It wasn't much, but it was enough to tide them over and by sundown he ushered them over to the treetops, where they'd at least have some cover from the foliage and some distance from the prowling teams on the ground. Regardless, they spent the rest of the time until nightfall setting up traps around the surrounding trees—not to hinder like the ones they'd encountered earlier, but to warn them of trespassers.

Naruto settled in next to his teammates on their decided branch, sprawled between Sasuke and Sakura and staring up at the stars that dwindled in through the crossing branches. He wasn't relaxed; every nerve in him was lit with an anxiety that he'd only ever felt with anticipation. But he felt…

Content.

It was nice to be between the two of them again. He couldn't recall the last time he'd been with both his teammates in a situation that didn't provide one of them attempting to bodily harm the other. Or at least, he'd never really tried to kill Sasuke—it was debatable whether the dark-haired boy had ever really tried to kill him. Was the closest he had come at the Valley of the End? Or in one of their more recent encounters? With the way he was in the present, it was difficult to tell…

For now though, he looked peaceful. Calm in his sleep, although the furrow to his brows bellied some sort of secret sorrow. Not for the first time he'd wished the other boy would tell him what was wrong—would confide in Naruto the way Naruto had always wanted to do with him.

He turned back to the canopy of stars above them.

He wouldn't, though.

It just wasn't meant to be.

.

.

.

Kakashi hoisted the dark-haired boy over his shoulder, an almost unrecognizable figure of dirt and blood. Naruto's heart beat wildly in his chest, rampant against his ribs, a bird fighting for freedom against the cage of bone. He bit this lip right through—he already had twice, once when Orochimaru threw him and he stayed hidden in the bushes, waiting for time to repeat itself, and again when Sasuke looked him in the eye,

(Are you scared, chicken?)

And Naruto looked back, and knew: he had condemned him to this fate.

That he would always condemn him to this fate; would do nothing to change it.

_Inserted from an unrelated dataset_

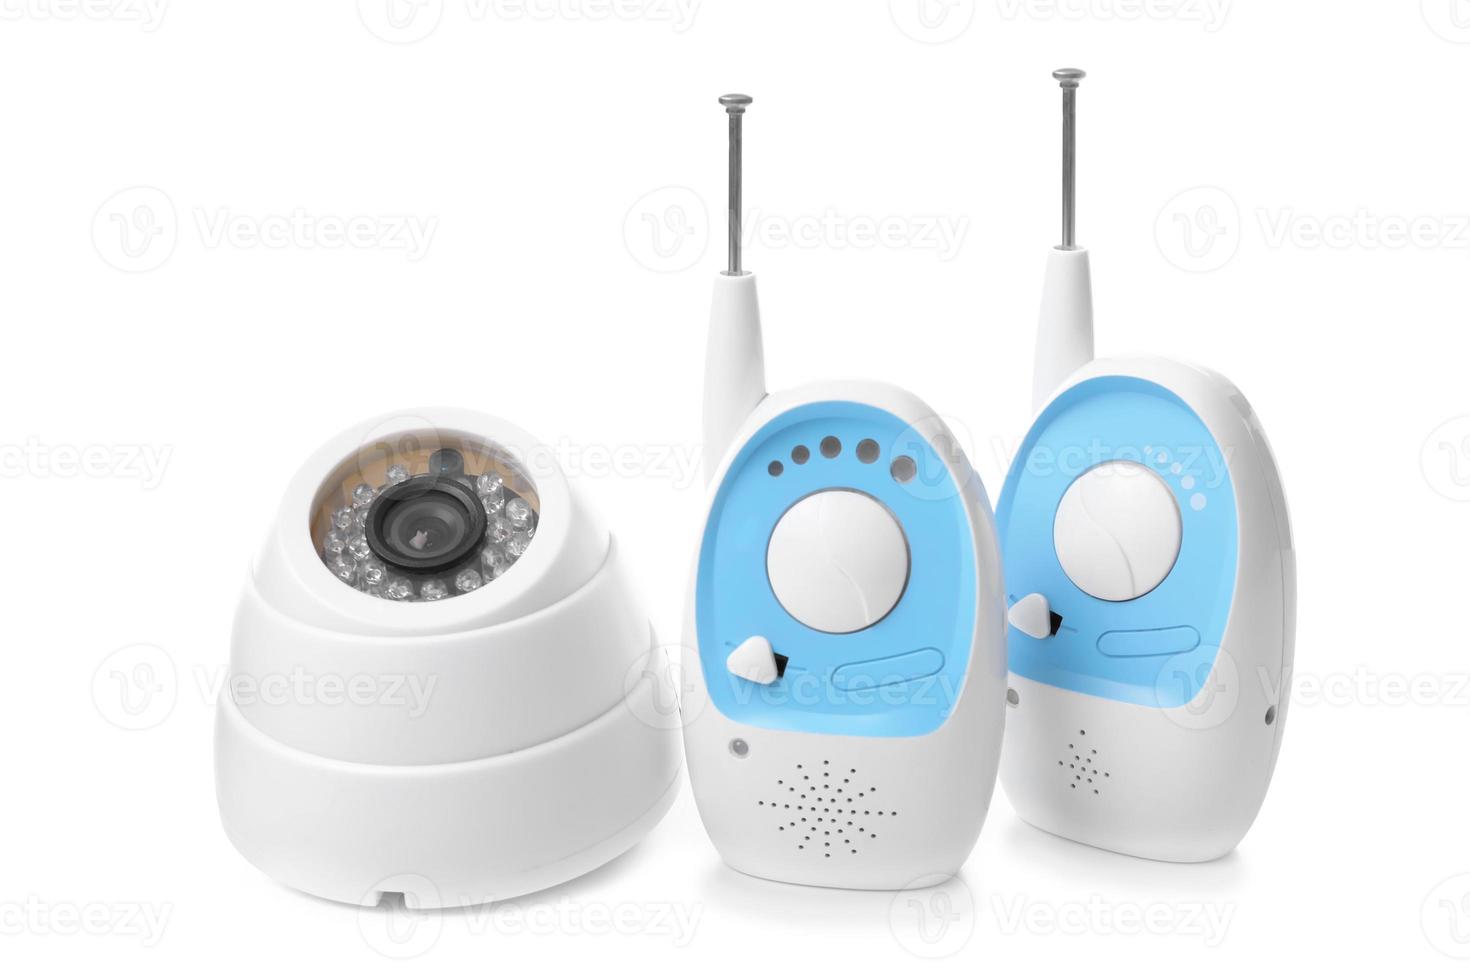 unités de surveillance pour bébé et caméra vidéo sur fond blanc. nounou radio et vidéo photo
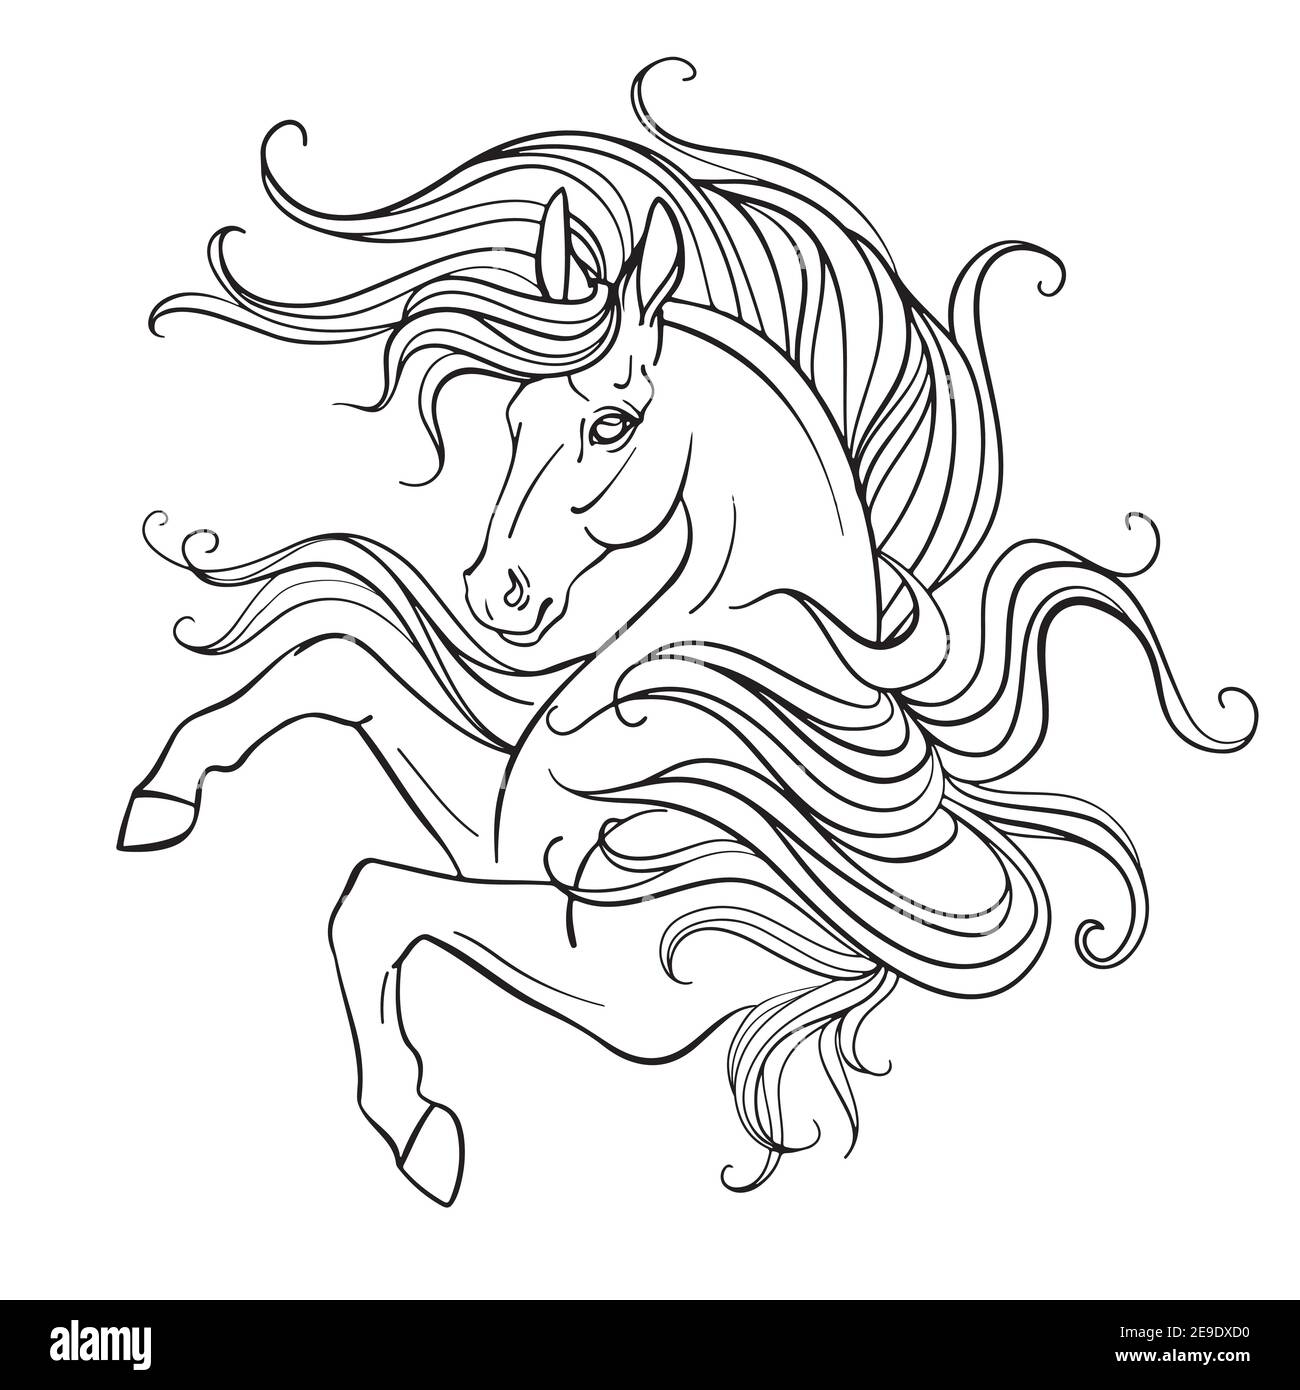 Bella unicorno con una lunga mane. Immagine vettoriale in bianco e nero del contorno per la colorazione della pagina. Per la progettazione di stampe, poster, cartoline, colori Illustrazione Vettoriale

He'd never hated Jiraiya more than he did standing in the middle of that tower, cursing this knowledge, wondering how his life could have gone if he'd never meddled with time. He'd be naïve, he thinks, naïve and a little foolish. But it could have been worth it.

It would have been worth it, to save himself from this pain.

"Naruto?" Sakura whispered, turning to him.

His smile faltered; tapering off at the edges. "I'm fine, Sakura-chan. Are you okay?"

She nodded slowly, one hand rubbing slow, almost subconscious circles against her elbow, the other limp against the torn hems of her dress. "I guess so. Do you think Sasuke-kun…?"

He smiled again, laughed for her. "I'm sure he'll be fine, Sakura-chan! It's Sasuke-teme, anyway, of course he'll be okay. And Kakashi-sensei will take care of him."

Her lips quirked minutely at his words, a pleasant crinkle formed against the side of her eyes.

He wondered how many times he'd lie to Sakura in his lifetime.

.

.

.

"Yo,"

The boy grumbled in response, curling in on himself, cowering from the light.

"Yo." Naruto scuffed him lightly with the bottom of his foot. He stirred again, but didn't wake. "Kid, get up."

Finally he blinked, eyes opening sleepily to squint over at Naruto, crouched on the windowsill by the bed. "Furu-sensei?" He sat up straight, recognizing the familiar blonde perched at his window.

With that, he peered around, confusion knitting his brows. "Where am I?" He asked groggily, turning back to Naruto. "What happened?"

"You don't remember?" He asked in reply, neutral.

"No." His younger self blinked, eyes big and owlish. "Nothing at all. I think remember fighting Lee? Oh! That's because he kept asking for stupid Sasuke-teme, and what's so good about Sasuke-teme anyway, I'm like a thousand times better than him—where is he, anyway? I'm gonna punch him for that one—

"Sasuke's hurt." Furu cut him off; he almost had to look away, watching the color drain from Naruto's face, the visceral and genuine concern so obvious on his face.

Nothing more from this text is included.